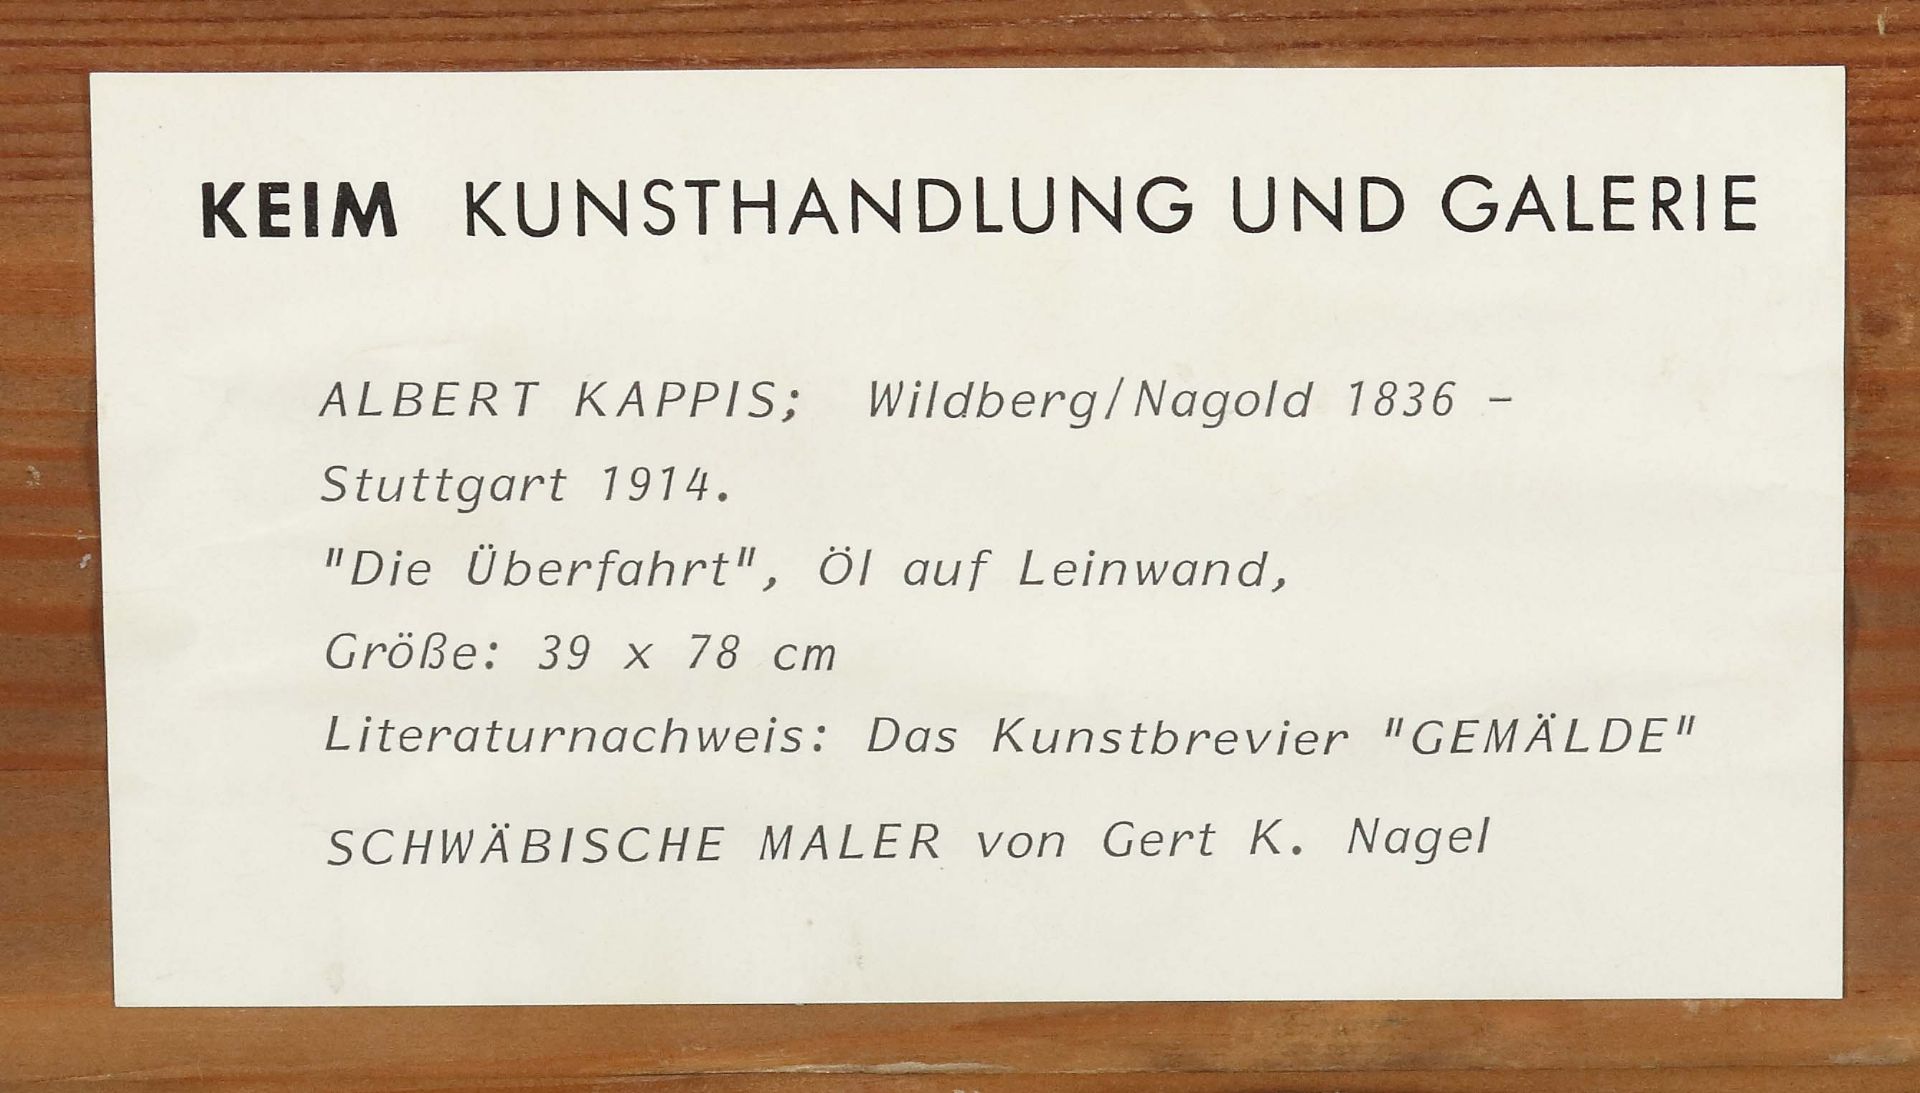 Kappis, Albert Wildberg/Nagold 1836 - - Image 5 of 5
####
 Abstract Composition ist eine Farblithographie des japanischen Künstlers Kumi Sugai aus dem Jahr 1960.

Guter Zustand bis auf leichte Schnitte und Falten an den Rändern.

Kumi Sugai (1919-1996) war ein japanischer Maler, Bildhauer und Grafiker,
####
■ **Directions**
In the entries above, find each line with "Kumi" and list it.

■ **Exercise result**
 Abstract Composition ist eine Farblithographie des japanischen Künstlers Kumi Sugai aus dem Jahr 1960.
Kumi Sugai (1919-1996) war ein japanischer Maler, Bildhauer und Grafiker,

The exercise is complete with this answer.